Also, "there's an app for that". The ecosystem is large and healthy.

If you don't want Django cause it's Django, then Flask and Pyramid are other
excellent alternatives. There is also a swath of more specialized frameworks
(eg. Tornado).

------
dexterbt1
I'm copying here what I wrote back in 2013 to some other forum, much of it is
still true...

Django is mature, full-stack, flexible, has sound architectural decisions
behind it, relatively good security track record. There is a built-in admin
and permission systems to help with what you require. Batteries included such
as an ORM, templating, routing, forms. The Django third-party apps/module
ecosystem is rather large and accessible: from authentication, social media
integration, payment gateway integrations, APIs, to whole apps like invoicing,
helpdesk, etc.

------
jstimpfle
I don't have experience with Django, but you could also just build everything
yourself on plain WSGI (the python version of (Fast)CGI).

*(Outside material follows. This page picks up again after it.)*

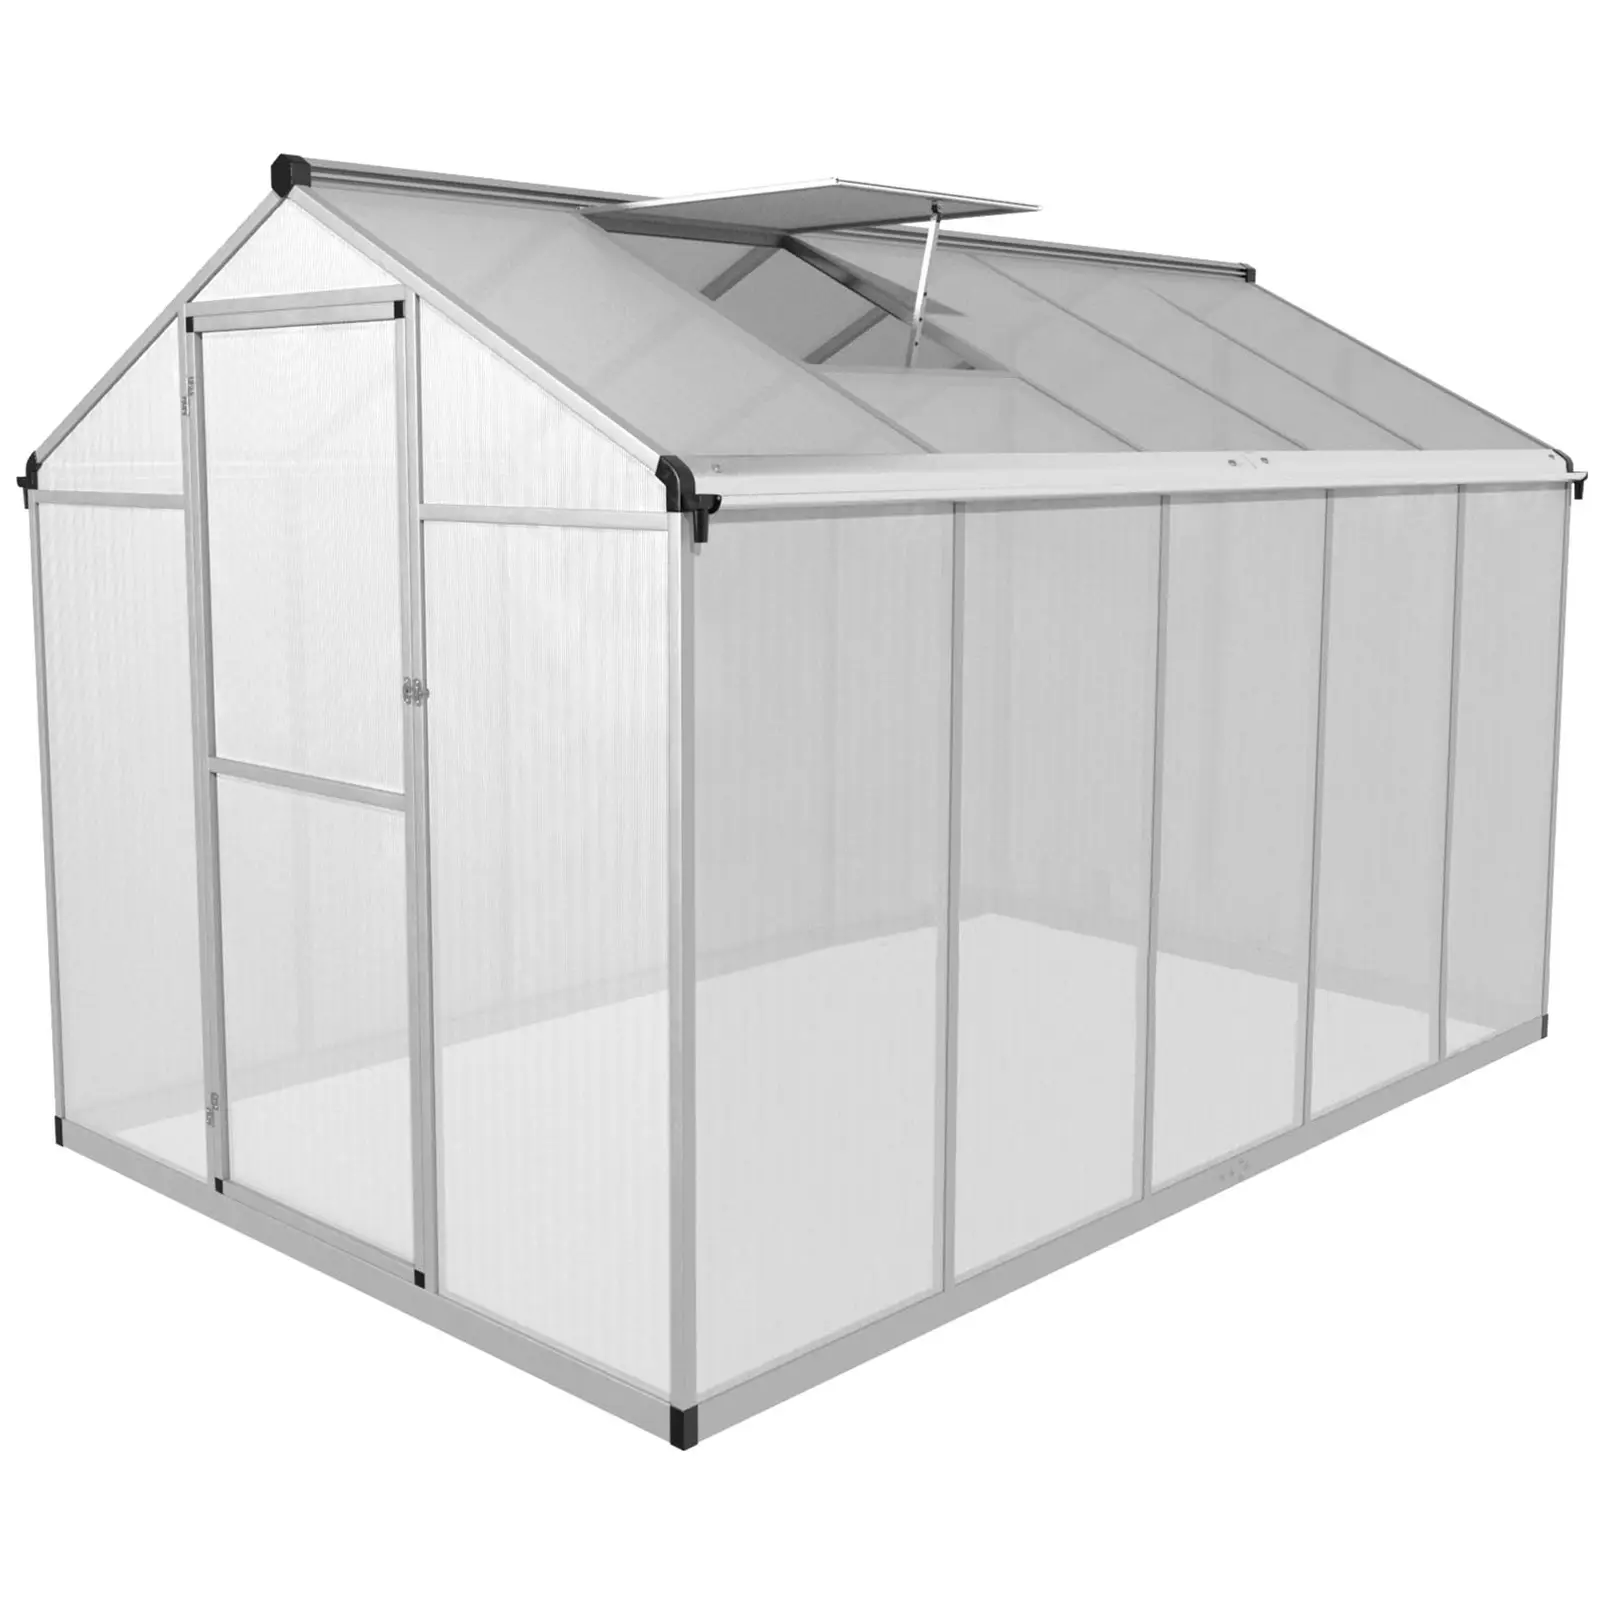 Greenhouse - 302 x 190 x 195 cm - polycarbonate + aluminium

Note I am not saying "build a new, generic framework because all other
frameworks stink". Building libraries with the goal to support other projects
is a neverending task.

But only building the support paste as you actually need it is not a lot of
work. WSGI is a quite simple interface. I'm doing this myself and the support
I currently need is only ~500 lines. The only external library I use is jinja2
templates. As database I use plain sqlite3 from the python standard lib and in
some places text files.

If you don't know and don't want to learn HTTP and Web application
architecture you will of course end up with a broken design. On the other hand
it's very rewarding to learn how to decompose an application into independent
components (templates, services, routing, database access, business logic,
authorization, session management, config parsing, project directory
structure, what have you).

The other big advantage is of course flexibility. If you do a good job the
decomposition is better than with a framework. This means flexibility. It's
easier to fix problems than with an opinionated framework.

------
olavgg
I think frameworks like Django, Rails or Grails are excellent tools for
building many business applications. Especially when there are plenty of CRUD
operations and complex workflows with different administrative roles. These
frameworks excels in developer productivity, stability and maintenance over
years.

I've been using Grails for over 10 years, my clients are super happy with what
I have delivered. I've built complex issue tracking systems, e-commerce web
sites, administration panels, data management tools and so on. Code I wrote 10
years ago is still working fine today! I highly recommend learning one of
these frameworks, you will make new friends and good money!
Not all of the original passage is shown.